▶ _Task prompt_: Line by line, transcribe the data below exactly and pass over the images.
*** Available data
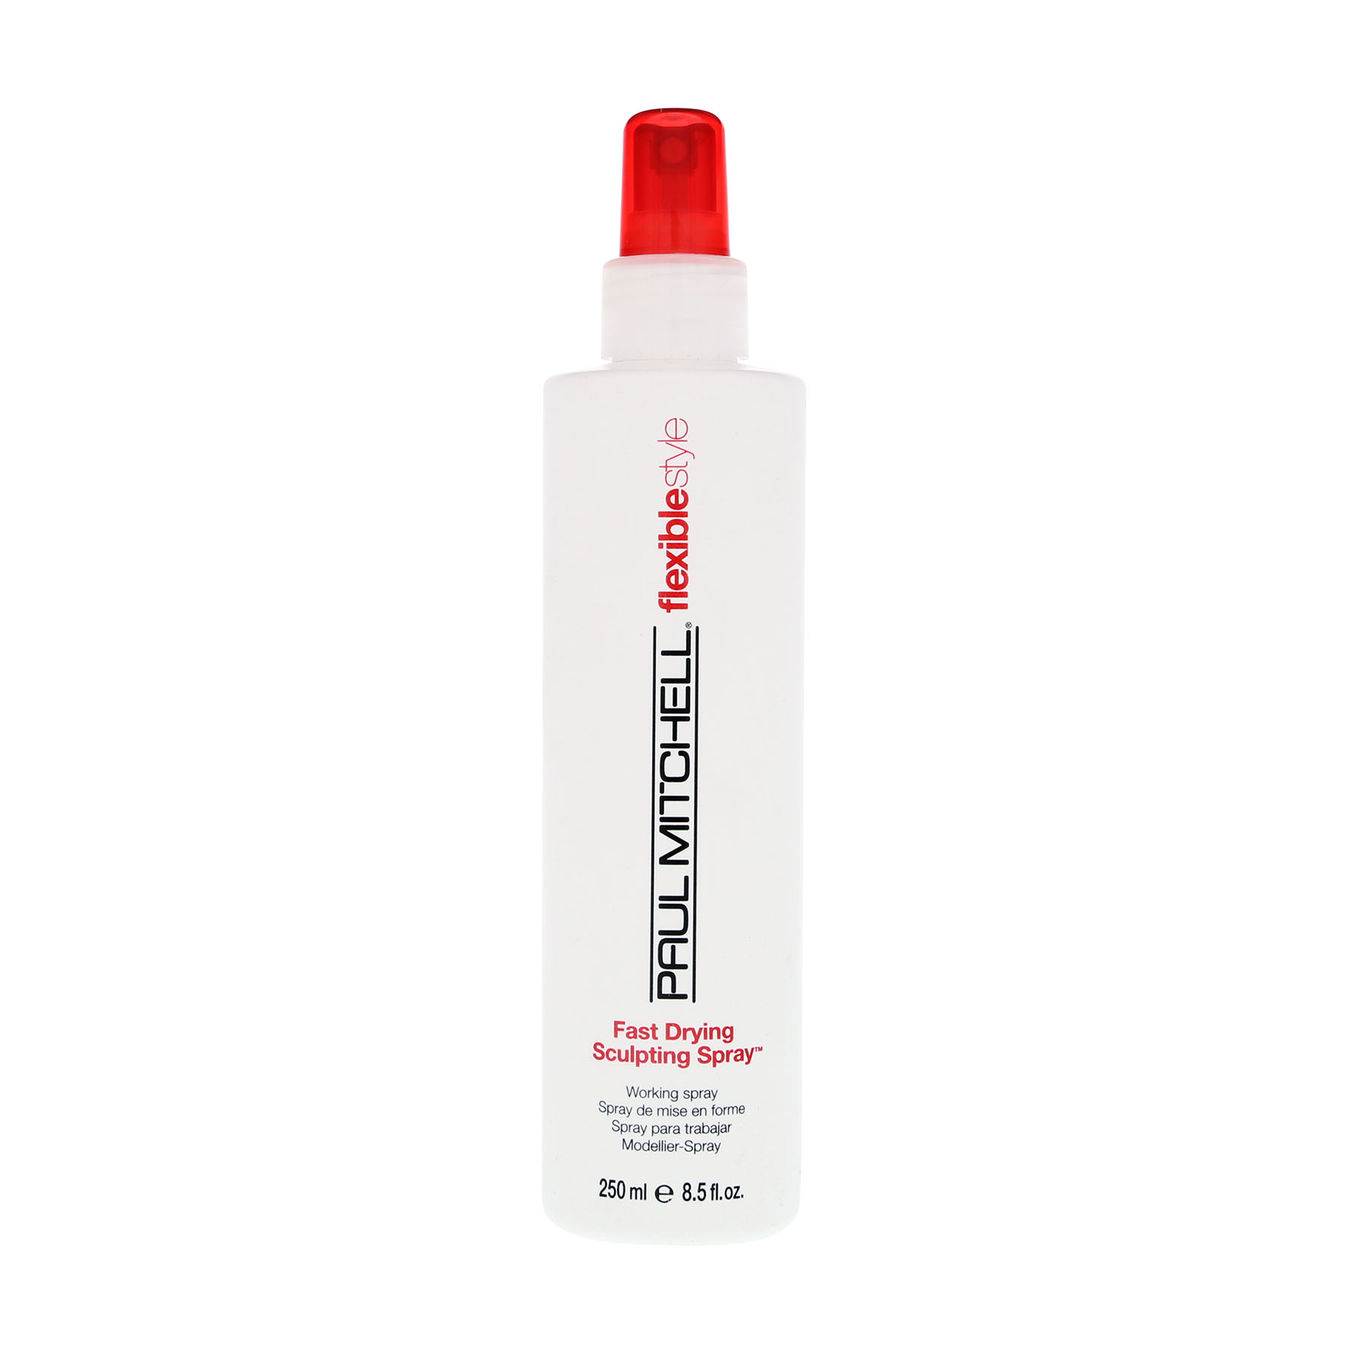 Paul Mitchell FlexibleStyle Fast Drying Sculpting Spray
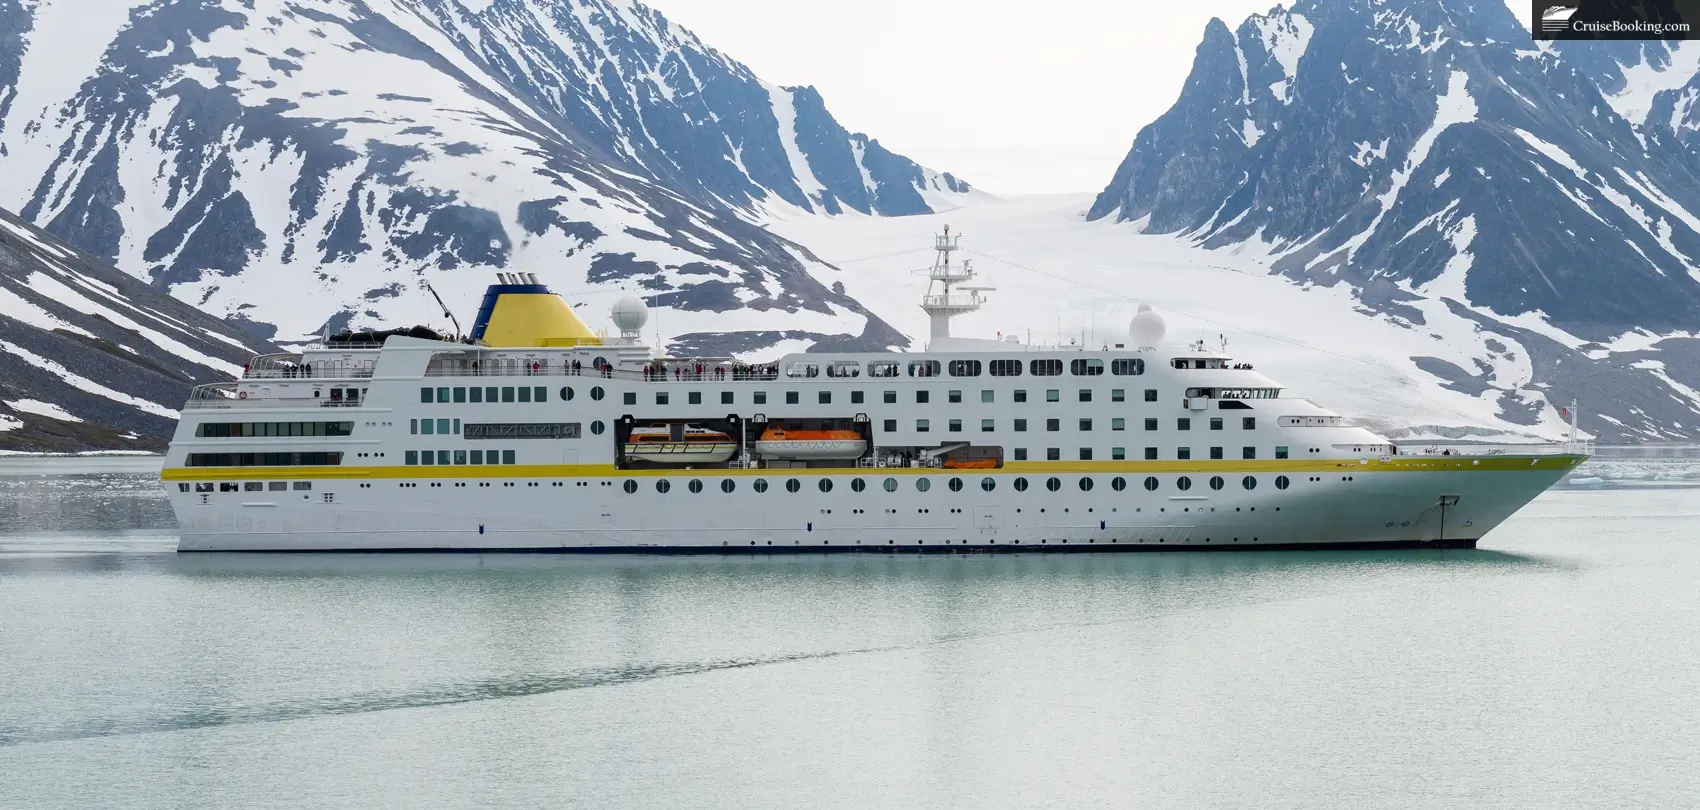 Expedition ship in Arctic sea, Antarctic cruise
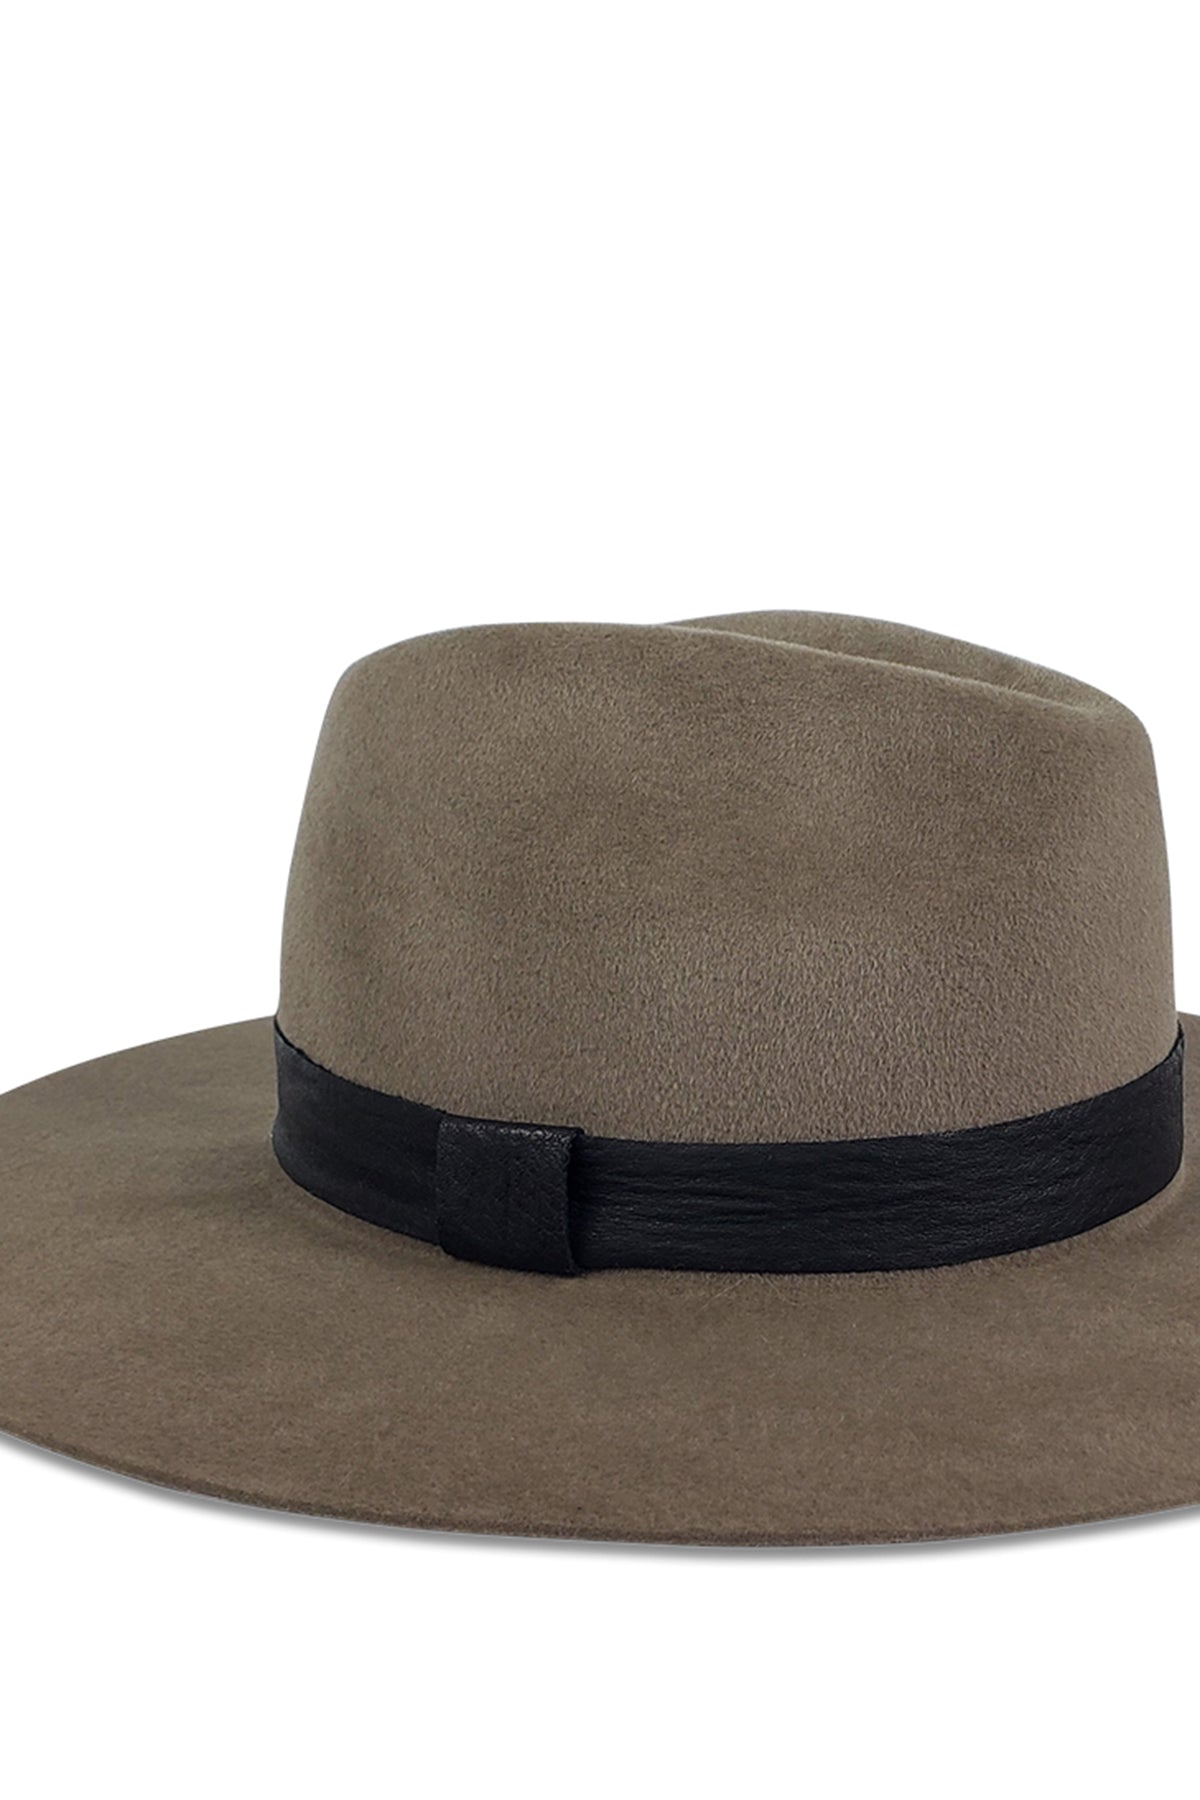 A timeless Luxe Ava Fedora hat with a black band on a white background by Velvet by Graham & Spencer.-8031441158225
******
▶ _Exercise result_:
 Paul Mitchell FlexibleStyle Fast Drying Sculpting Spray
 Expedition ship in Arctic sea, Antarctic cruise
 A timeless Luxe Ava Fedora hat with a black band on a white background by Velvet by Graham & Spencer.-8031441158225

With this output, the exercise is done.